Power Consumption and Conclusions
The power consumption on the ASUS 9800 GT Matrix card is right on par with that of the Galaxy model – 163 watts at idle and about 245 watts under a full load. The AMD cards are bit more efficient when paired with the Intel chipset motherboard while at idle but are still right at that 240+ watts under load.
We have come to know and love the G92 GPU from NVIDIA – after all we have had dozens of graphics cards built around this technology pass across our test bench over the last 12 months or so. The 9800 GT 512MB solution is a great gaming performer that we have seen drop in price over that same period (thought known as the 8800 GT as well) and would wager that you could throw even the latest PC games at with more than acceptable results. Our tests show just that in fact.
For our short round of benchmarks, including Bioshock, Call of Duty 4 and Crysis, the ASUS 9800 GT Matrix, with its overclock core, shader and memory speeds, was able to produce playable frame rates at 1600×1200 and 2048×1536 in most cases. Not only that, but the brand-new Radeon HD 4830 512MB is only just competing with the 9800 GT, not beating it out right. And since these two products are similar in price that gives NVIDIA and its partners, like ASUS, a fighting chance to make some money this holiday.
Features and Extras
Most GeForce 9800 GT cards, or any GeForce brand actually, tend to be pretty plain when it comes to out-of-the-box features.
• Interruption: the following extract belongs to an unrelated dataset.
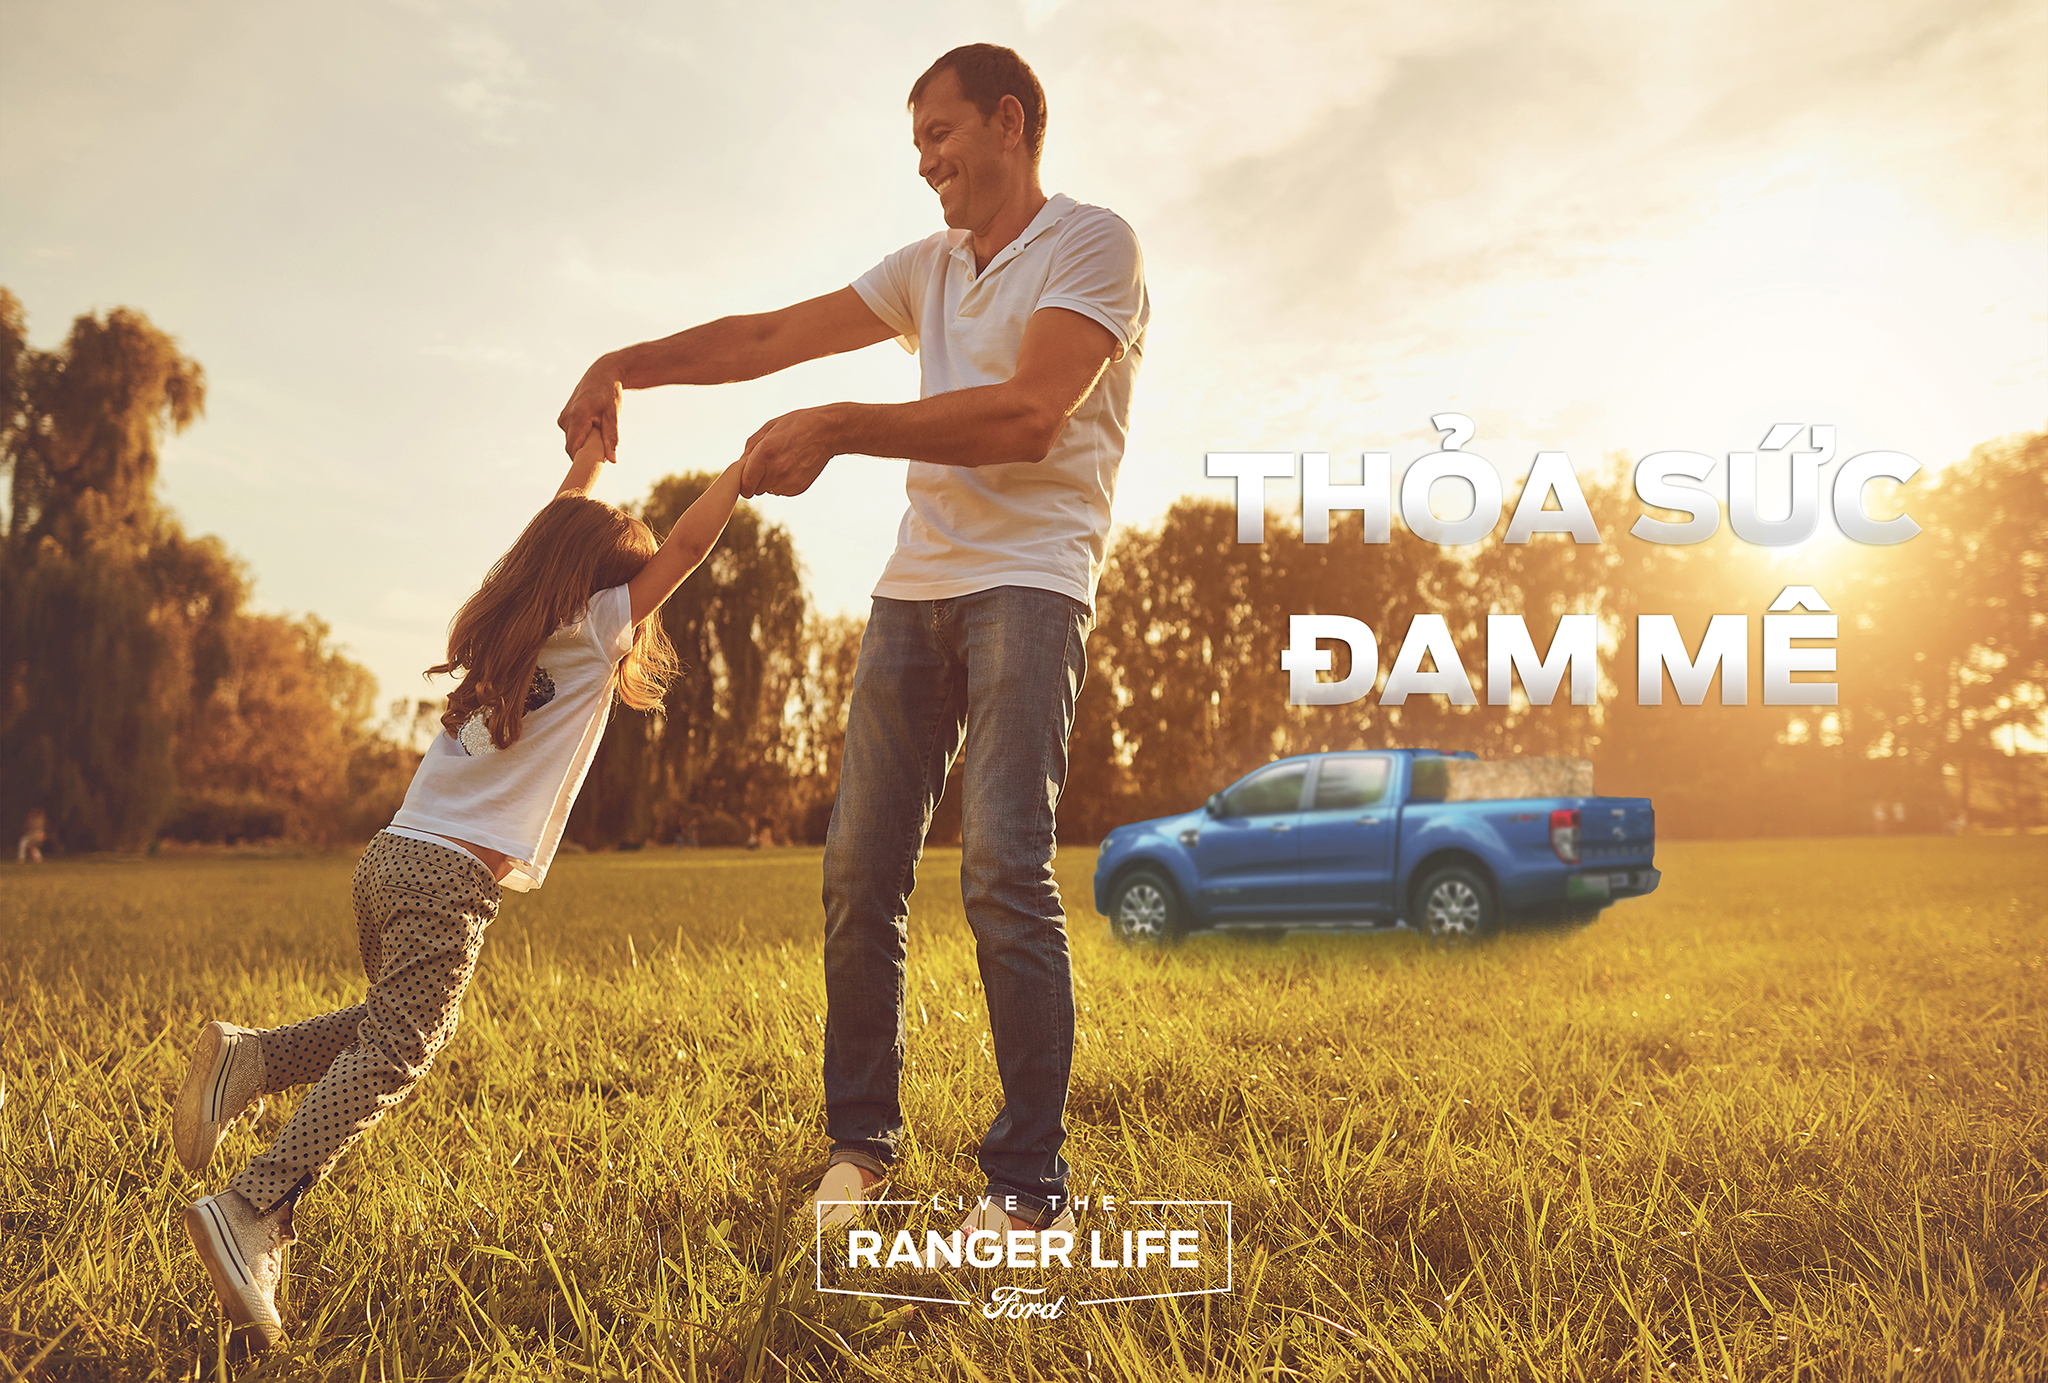 Ford khởi động chiến dịch thương hiệu mới Live The Ranger Life thoa-suc-dam-me.jpg

The ASUS GeForce 9800 GT Matrix moves past the standard pair of DVI ports to offer some nice on-board features including an HDMI port and an integrated optical digital audio output. There is still a TV output connection that supports both standard definition S-Video and component HDTV output via the included dongle.
Overall, the Matrix has a complete package for gamers as well as enthusiasts that want to mix some gaming and home theater action.
Pricing and Availability
As of this writing, you can find the ASUS EN9800 GT Matrix 512MB card for about $129 at a handful of online retailers. About a year ago, this same technology, but running a few clocks lower, would have cost you more than $260 so to say that gaming prices on the PC have dropped significantly would be an understatement. The 9800 GTs primary competitor, the AMD Radeon HD 4830 512MB, is going for about $119 in some places making the debate for the best mid-range graphics a continuing process.
The ASUS ENG9800 GT Matrix 512MB graphics card is one of our favorite new low-to-mid-range graphics cards that you can pick up today for well under $150. If you are looking for an upgrade to an aging GPU of your own and don’t have much money to spend, this overclocked G92-based product will fit the bill perfectly.